I remember as a kid, the one thing that I dreaded more than receiving my report card was parent-teacher conferences. It was bad enough that I got a few C’s or even a D… but I did not need for a teacher to verbally express to my mother exactly what my “problem” was with regard to my performance in the classroom. So I never told her about them. We received calendars with the dates for the conferences but I never took them home. So the only time my mother ever attended such a conference was if and when she scheduled one herself. Indeed, history repeats itself in education, because many of my students are the exact same way. While there are some parents who go out of their way to stay on top of their children academically, many of my parents are either uninformed about parent-teacher conferences or don’t necessarily have the time to attend the conferences due to their work schedules. Of course, when parents don’t show up, students aren’t upset. However, in the changing landscape of education, I believe that parental involvement is vital to the success of students and the success of a school community. Indeed, a school is a community and a major part of that community is the parents of the students who attend the school and the families that surround that school.
Moment of the Week
One of the cool things about parent-teacher conferences is that I get to both speak to adults about their children, while the child is there in many cases, and I can also do some lesson planning between meetings with parents. Last Thursday, we had our second parent-teacher conferences of the school year. Our first installment saw parents scurrying around our building like unattended children; roaming from classroom to classroom waiting for teachers to finish talking so they can have their turn to discuss with them issues with their student(s). I did not have much time to get extra work done and I actually stayed an hour after conferences were over to continue talking to parents. Unfortunately, history did not repeat itself the second time around.
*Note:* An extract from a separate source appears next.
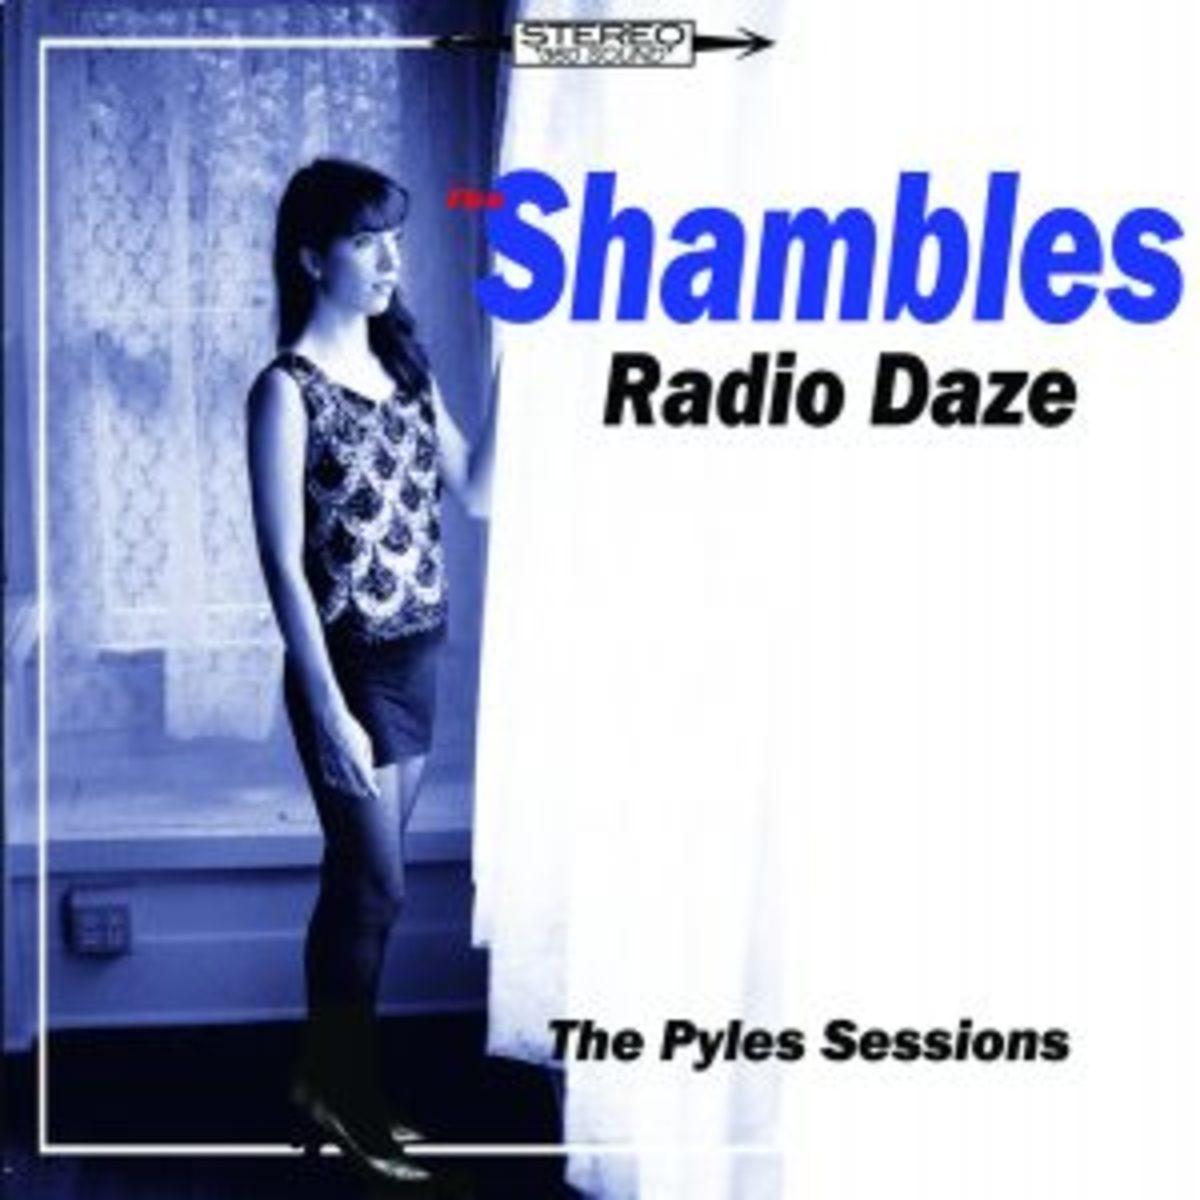 SHAMBLES RADIO DAZE

Last Thursday as I sat in my room, it was about 5pm when I realized that I had gotten a lot of work done. Then, I looked over at my sign-in sheet and realized that I had less than a third of the parents attend when compared to the first parent-teacher conference. Our conferences were over at 6:30pm and from the time I realized my attendance to the end of the night, there were only 2 more parents to come through my classroom doors; I may have had 8 parents in the span of 5 hours show up. That is discouraging enough. Even more discouraging was that a few of those parents weren’t accepting my reasons for the earned grades of their students. These were parents whose students received a B’s in my class and many A’s in their other classes. I heard things like “My child has never gotten B’s before… School comes easy for my child… I just cannot understand why my child received this grade when this is not normal.” Those chorus lines are nothing unfamiliar to teachers worldwide, but they are no less frustrating to hear.
Lesson of the Week
Public schooling in America is not as simplistic as people believe it to be. In fact, the school, with regards to a parent’s view, is often viewed like a sit-down restaurant; people order something and expect it exactly as they ordered it on their plate and depending on what the school serves, people may or may not show patronize your establishment. However, the truth of the matter is that the customer is not always right and unfortunately, it’s impossible to get what you think you’ve “paid for.”
There is indeed a disconnect between schools and the parents of the children who attend them. Many parents either expect too much of a school or expect too little of a school; the school often sees themselves as “educating” students which involves meeting state and national benchmarks to maintain good standing and maintain their funding stream; that does not always include dealing with the social and emotional needs of their student populations. There needs to be greater cooperation and discussion between schools and parents. Schools and teachers must go further than simply the occasional phone call either when things are bad with a student or good with a student. Schools must engage families and parents because the school is a community and it must be in community with those associated with it.
Whether a school is located in a suburban, urban or rural area, schools must provide learning opportunities for its parents in addition to establishing an open and transparent dialogue with parents in order to exchange vital information to help with the instruction of their children. School districts also must provide teachers and administrators with professional development designed to instruct them on how to meet the various needs of evolving student and family populations. As much attention needs to be paid to this as districts do with maintaining order in schools or raising test scores. As teachers, we must not only be advocates for our students but also advocates on behalf of parents and request that opportunities for collaboration and learning be created for parents and the community to create a sense of ownership in the school. Many of our parents don’t feel ownership in the school or the educating of their child because educators and policy makers do a great job of both withholding opportunities of collaboration with parents and establishing pseudo-collaborative efforts. We must not be hypocritical; we must do more to include our parents. We have to teach all students regardless of their abilities or feelings – so too must we include every parent regardless of what they think. If we build our schools on a foundation of parental engagement and collaboration, the parents will come.